【金カ夢】夢の中で……。【Golden Kamuy】
第10章 キロランケニシパ
ア「目玉は茹でダコの味がして美味いぞ。みんな魚が獲れたら一番にホジくってしゃぶる。子供のおやつとして奪い合うくらい大人気なんだ」
巨大魚イトウの目玉だ。この中で1番年齢の低いアシㇼパの顔の大きさほどありそうだ。アシㇼパは両手で目玉を持ち、食べていいぞと勧めてくるが、さすがにユメコは食べる勇気がない。
『それならアシㇼパが食べればいいよ』
ア「ユメコは要らないのか?しゃぶっていいぞ、杉元」
ユメコがやんわりと断りを入れると、アシリパは杉元へとイトウの目玉を渡す。
杉元が持ってもかなり大きなイトウの目玉。
杉元は受け取ったイトウの目玉にかぶりつこうとするが大きくてなかなか食べられないし、どう食べたらいいのかも分からないようだ。
杉「おっきい」
キ「杉元……不死身の杉元か?」
キロランケが杉元の名前を聞いて「不死身の杉元」と口にした。
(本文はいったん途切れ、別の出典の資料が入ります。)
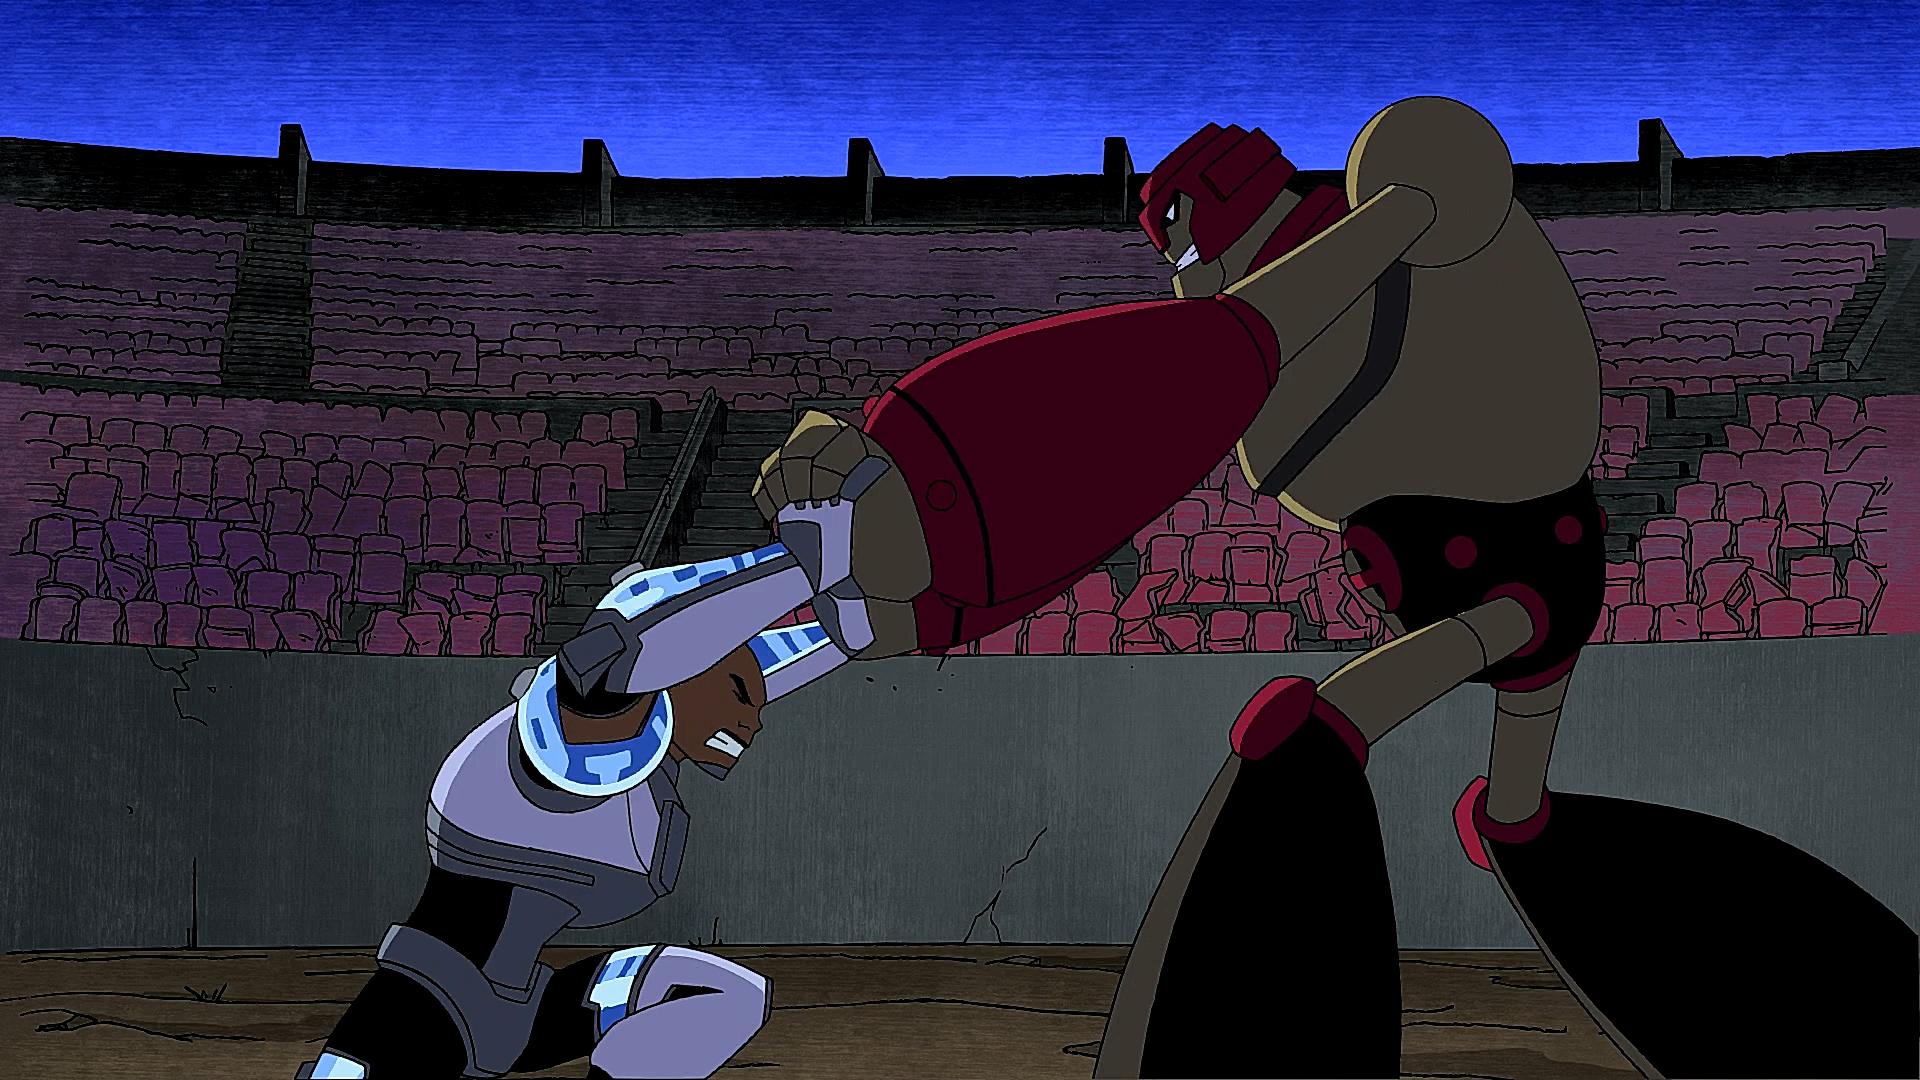 Teen Titans (TV Series) Episode: Only Human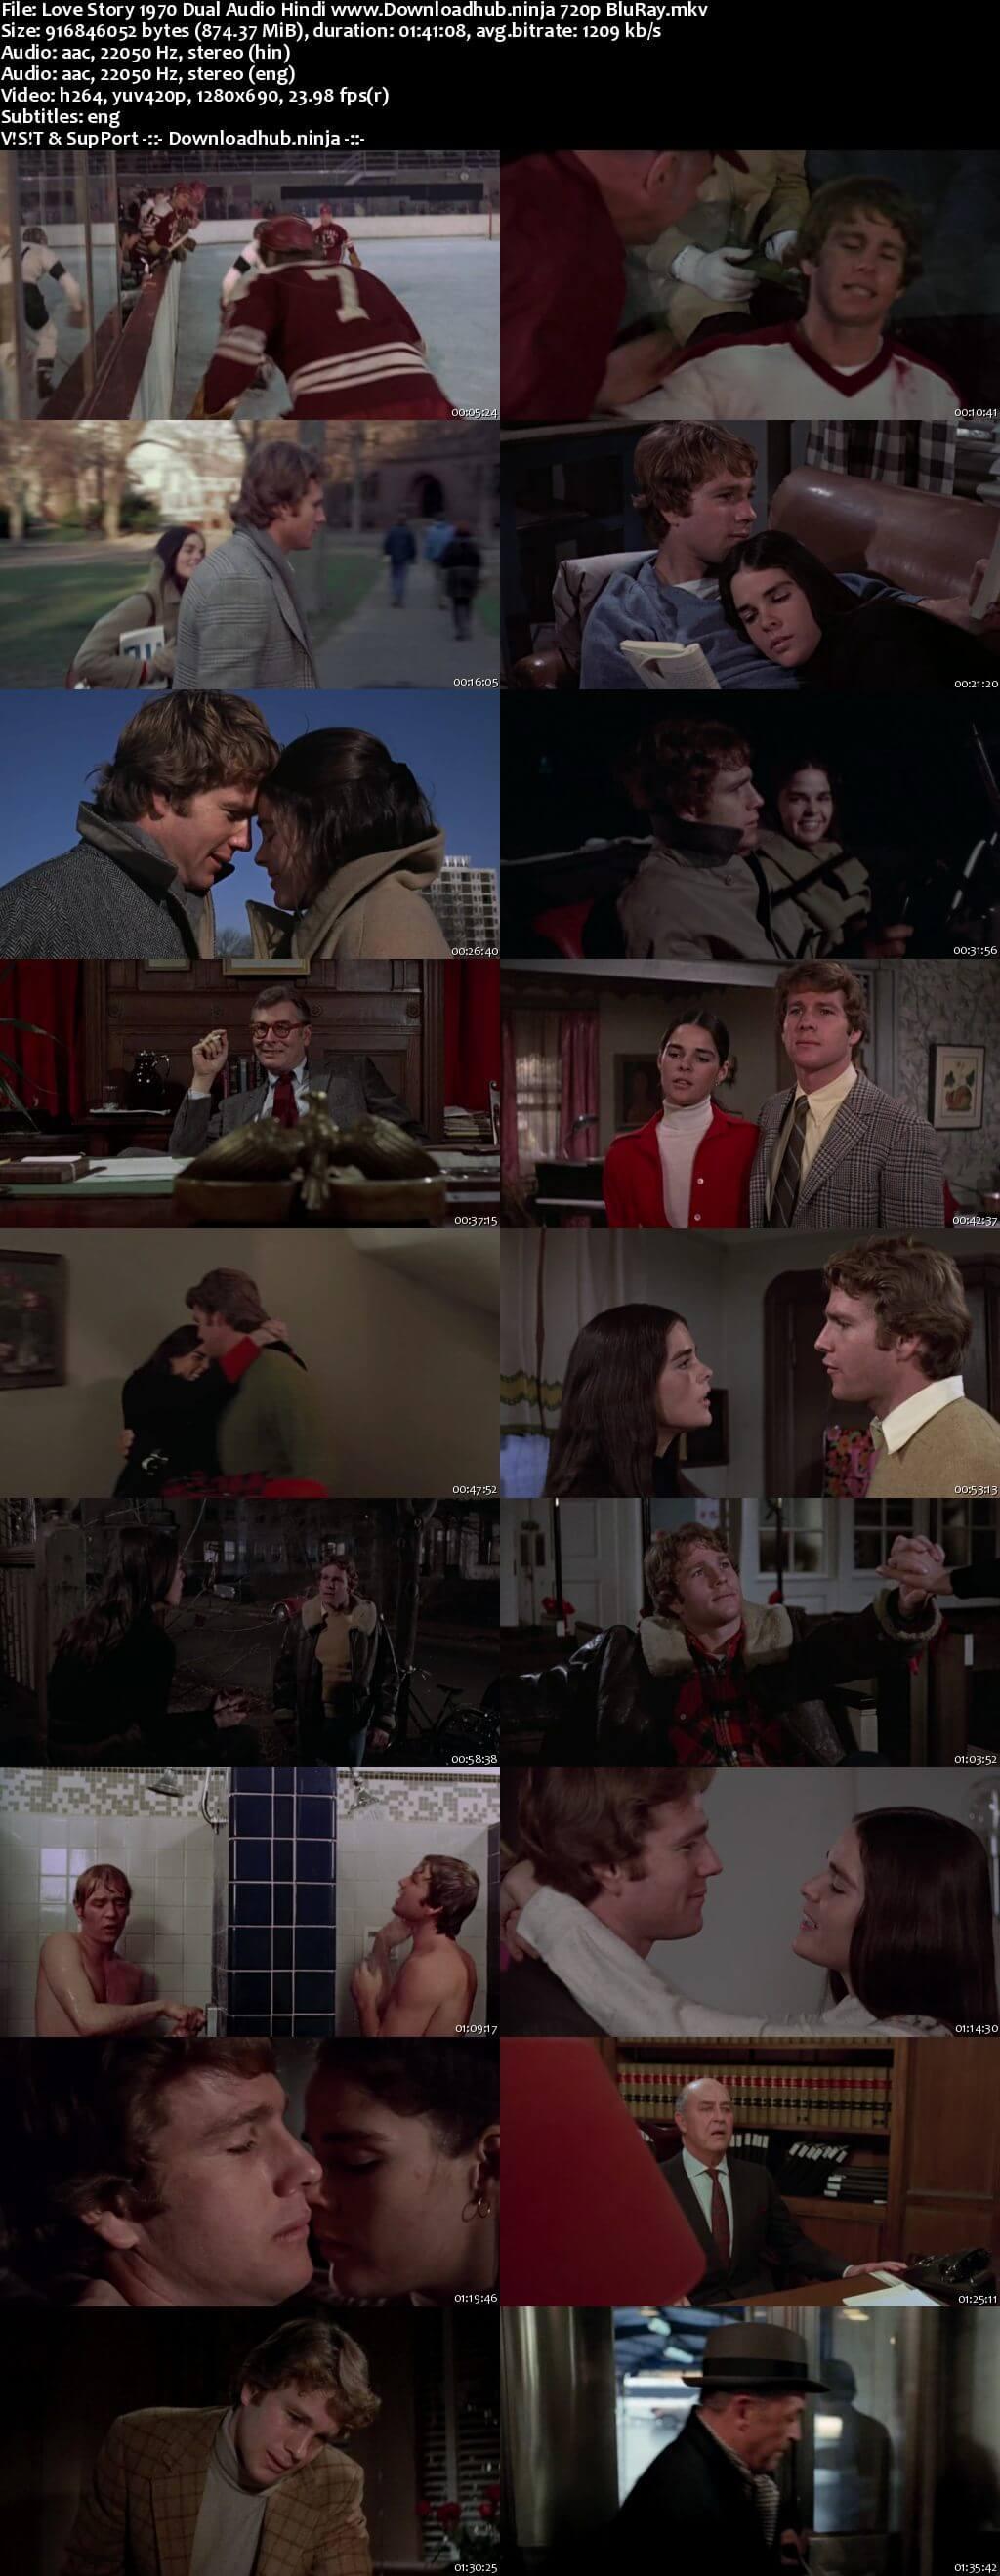 Love Story 1970 Hindi Dual Audio 720p BluRay ESubs

なぜその名前を、との4人に緊張が走る。
杉「……なぜそれを?」
キ「俺は第七師団だ」
キロランケは煙草を吸いながら第七師団だと答える。
第七師団と聞くと杉元の雰囲気が一変した。
そっとキロランケから見えない左手で腰に装備していた武器を掴んだ杉元をみて白石は思わず固唾を呑む。
杉「鶴見中尉の手下か?」
ア「待て杉元ッ!」
アシリパが杉元を止め為に声をかける。
ユメコはどうしたらいいのか分からず、白石と共に動けずにいた。
キ「鶴見中尉? 俺がいた小隊の中尉は別の人間だ。それに俺は既に除隊して村で生活しているから誰とも関わりはない」
杉「たしかに鶴見中尉の手下は100名ほどと言っていた。第七師団といっても鶴見中尉の隊とは限らんか」
納得して腰の武器から手を離す杉元にアシリパたち3人はほっとした。
日露戦争時の師団の編成は、100名弱の小隊を率いるのが中尉。
その小隊が4個で中隊となり中隊長は大尉。
中隊が3個で大隊、大隊が3個で聯隊。
日露戦争時、第七師団には4個の歩兵聯隊があり、そのほか騎兵聯隊や砲兵聯隊など約二万人の兵で編成されていた。